**Work request:** Pictures excluded, output the lines of the data below between the one holding "2022 New design" and the one holding "DIY Winter Wreaths", inclusive, exactly as they stand.

**Supplied data:**

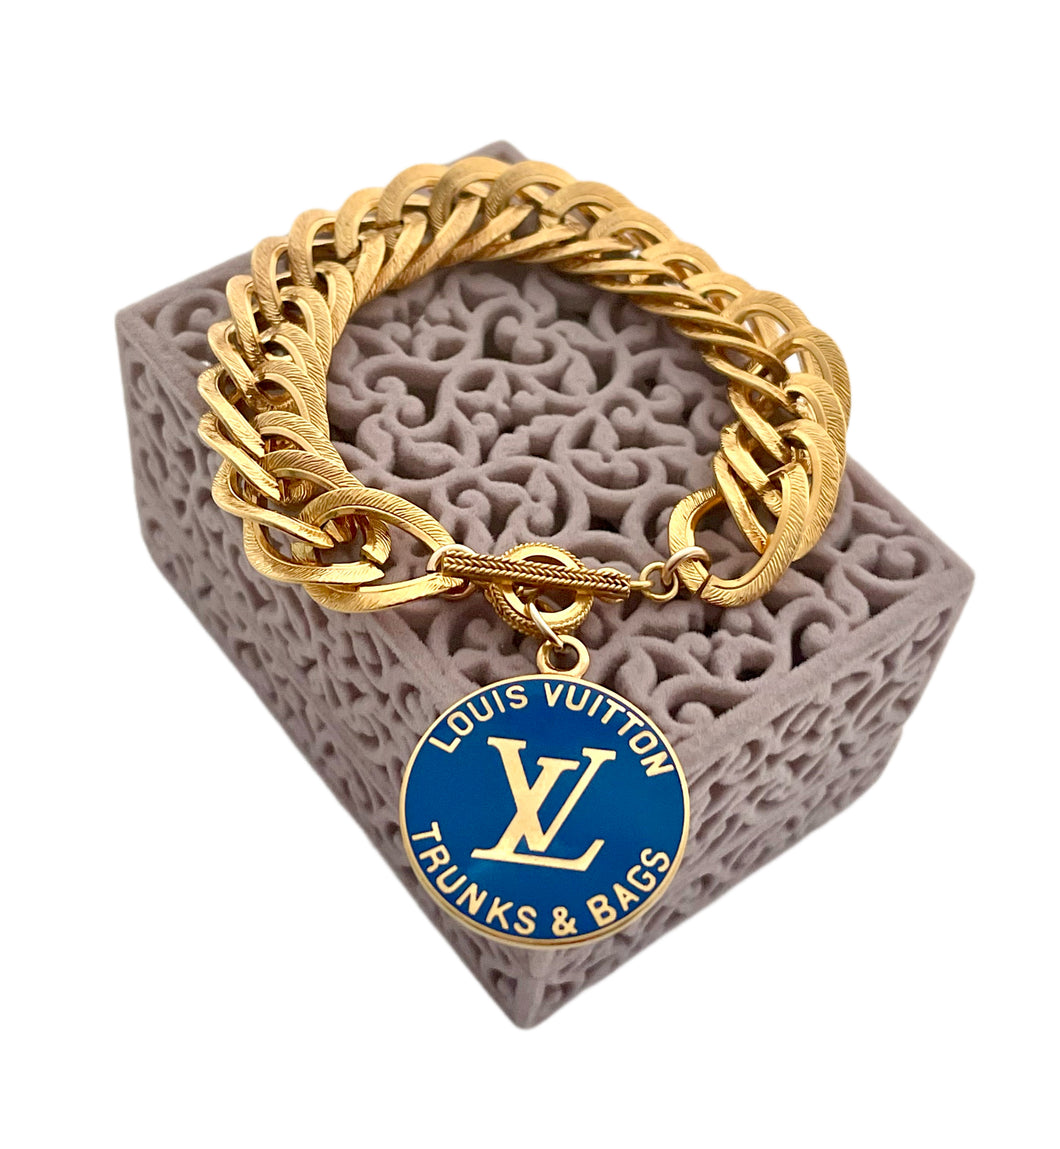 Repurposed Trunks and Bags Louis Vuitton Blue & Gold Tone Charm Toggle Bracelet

---

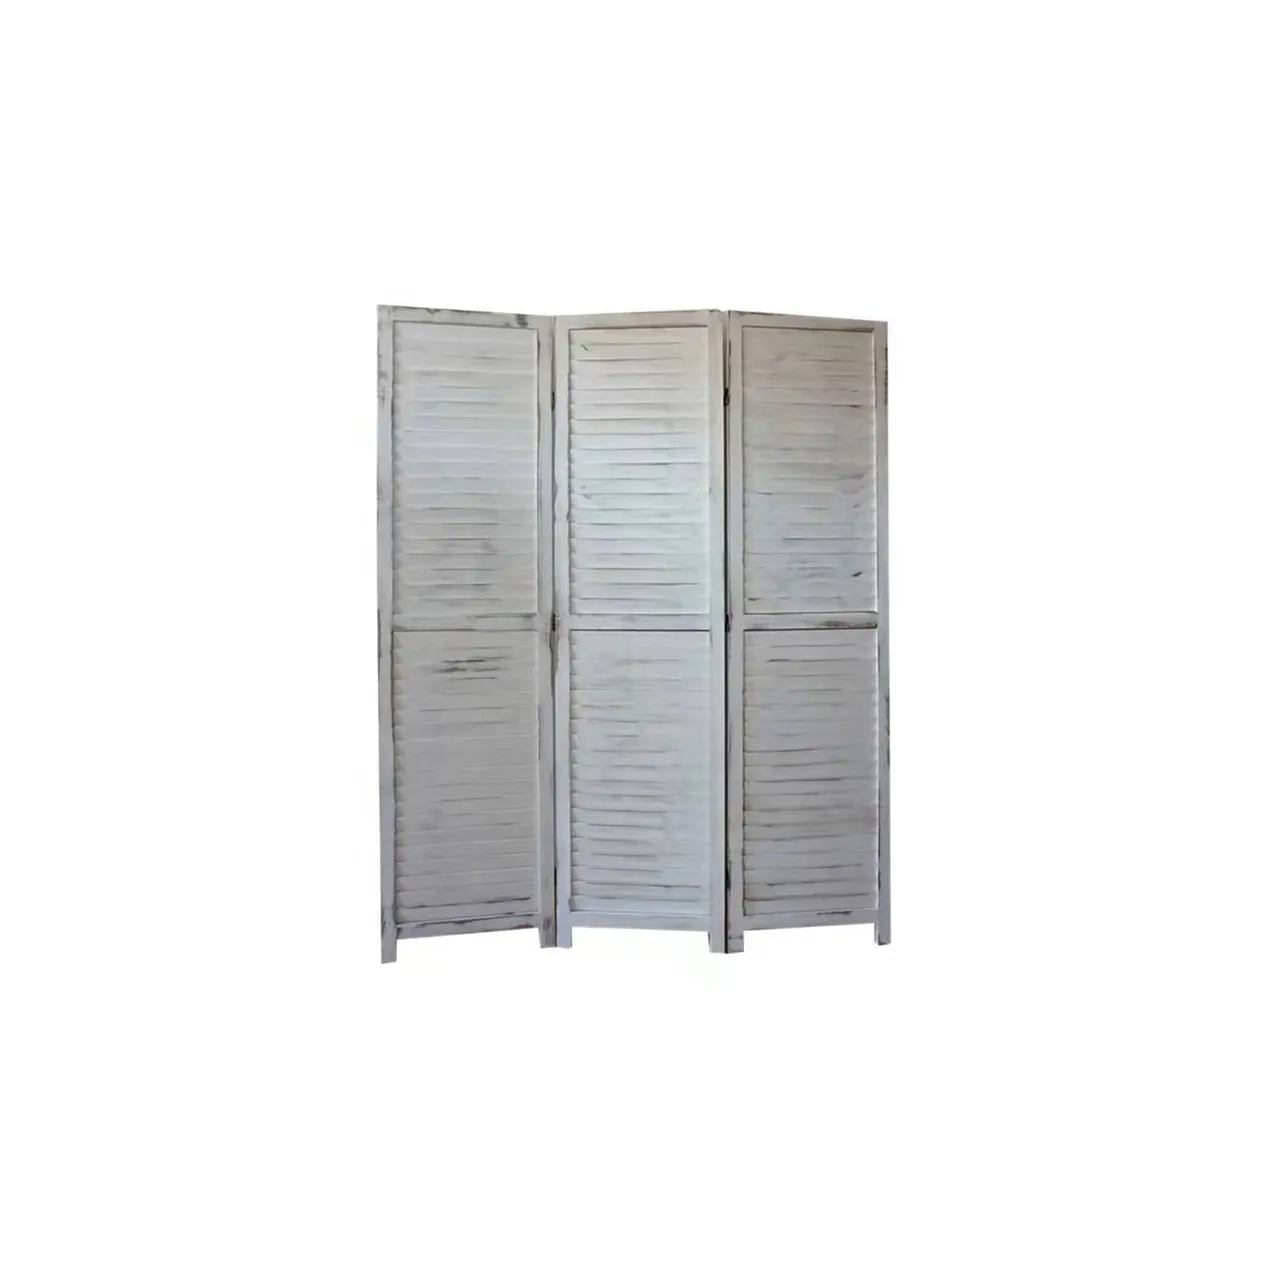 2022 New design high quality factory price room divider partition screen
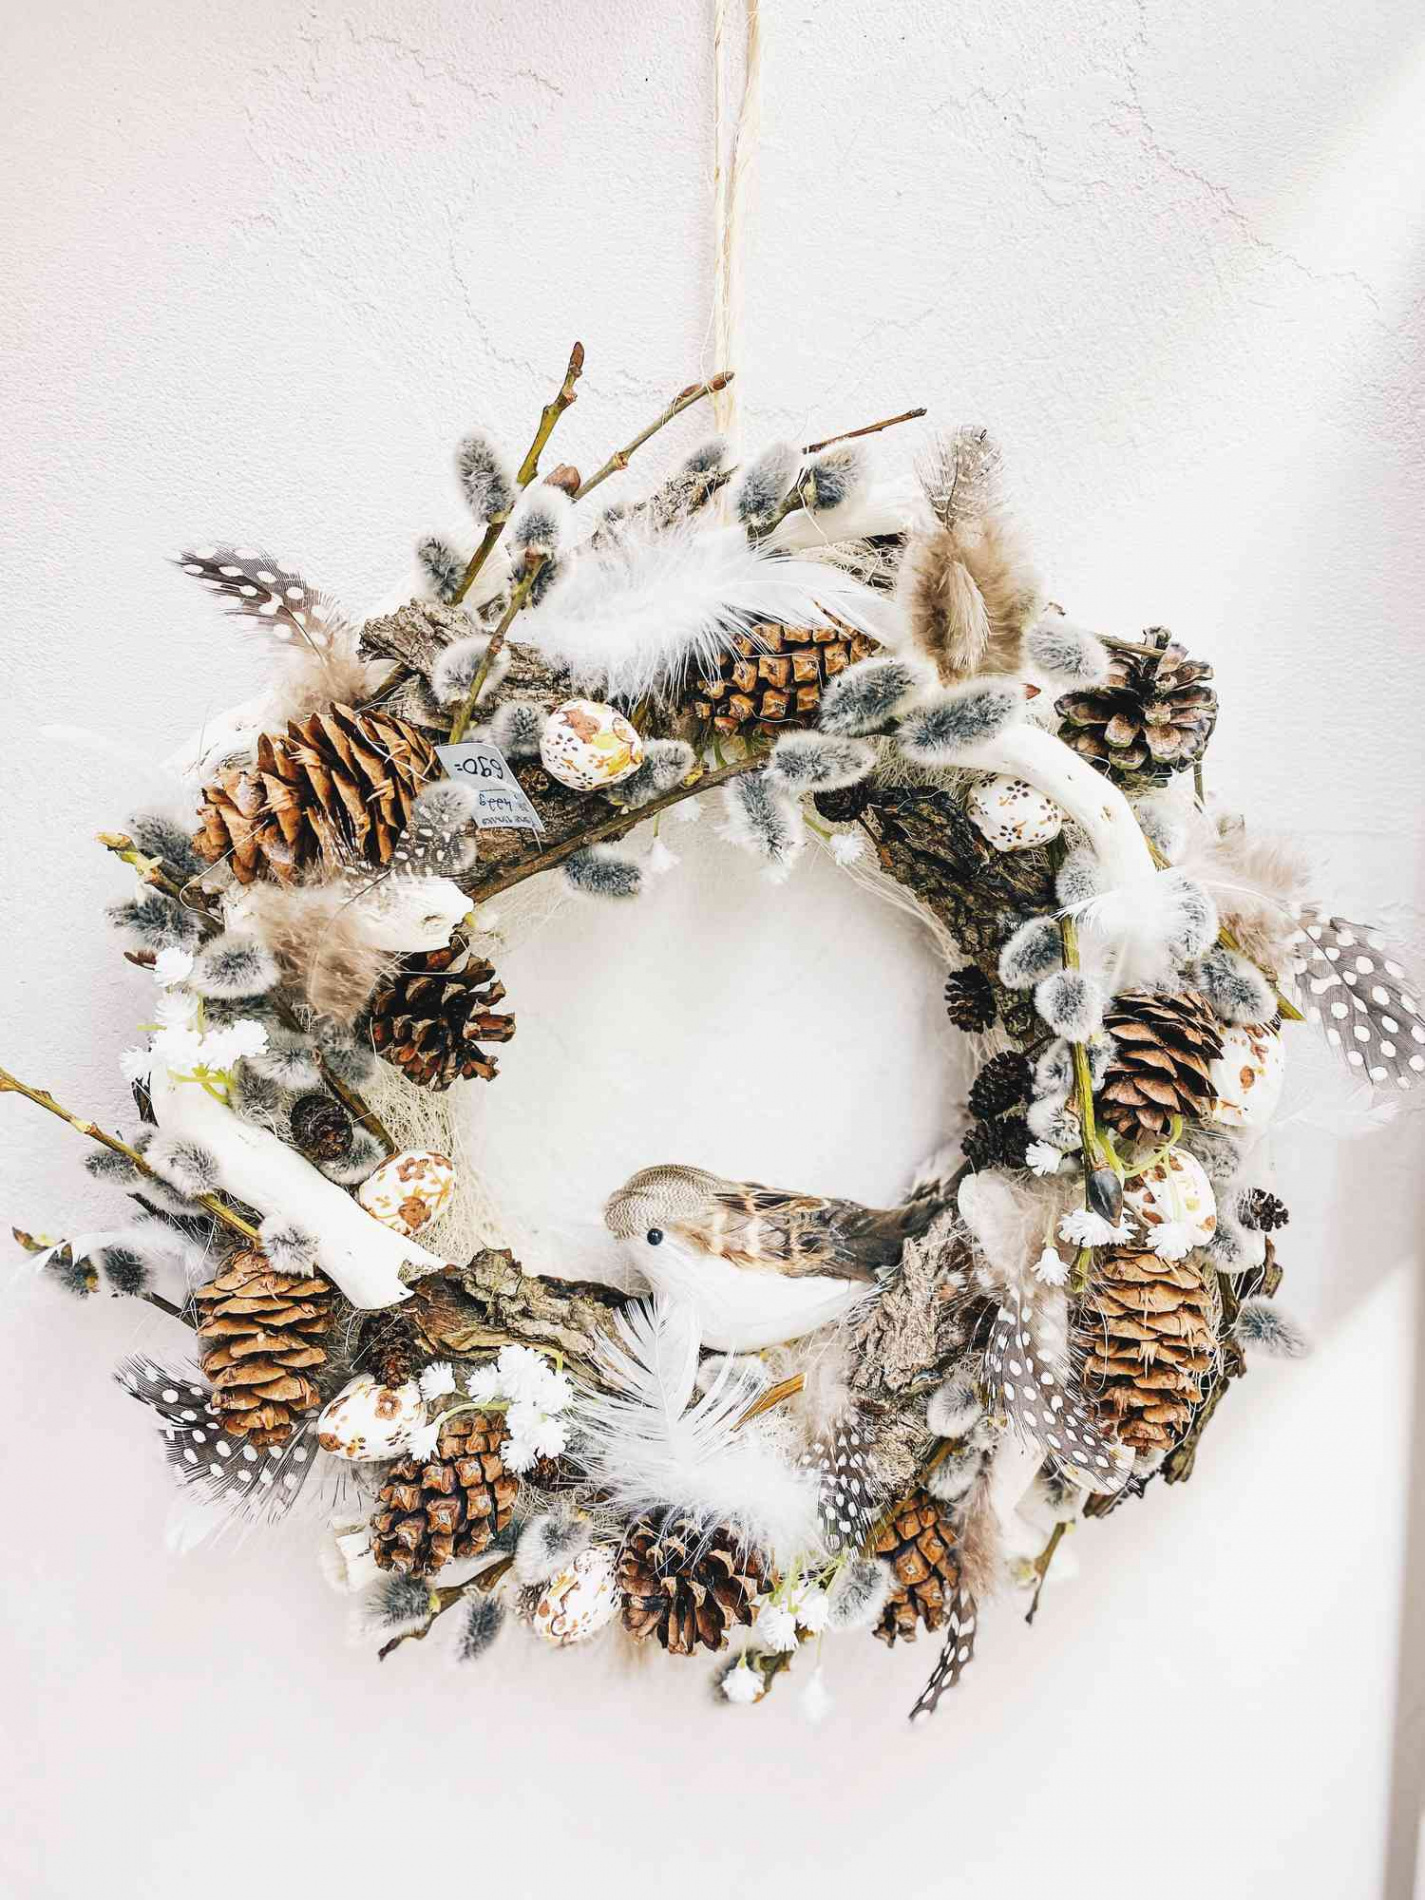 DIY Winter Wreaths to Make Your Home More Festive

**Answer space:**
 2022 New design high quality factory price room divider partition screen
 DIY Winter Wreaths to Make Your Home More Festive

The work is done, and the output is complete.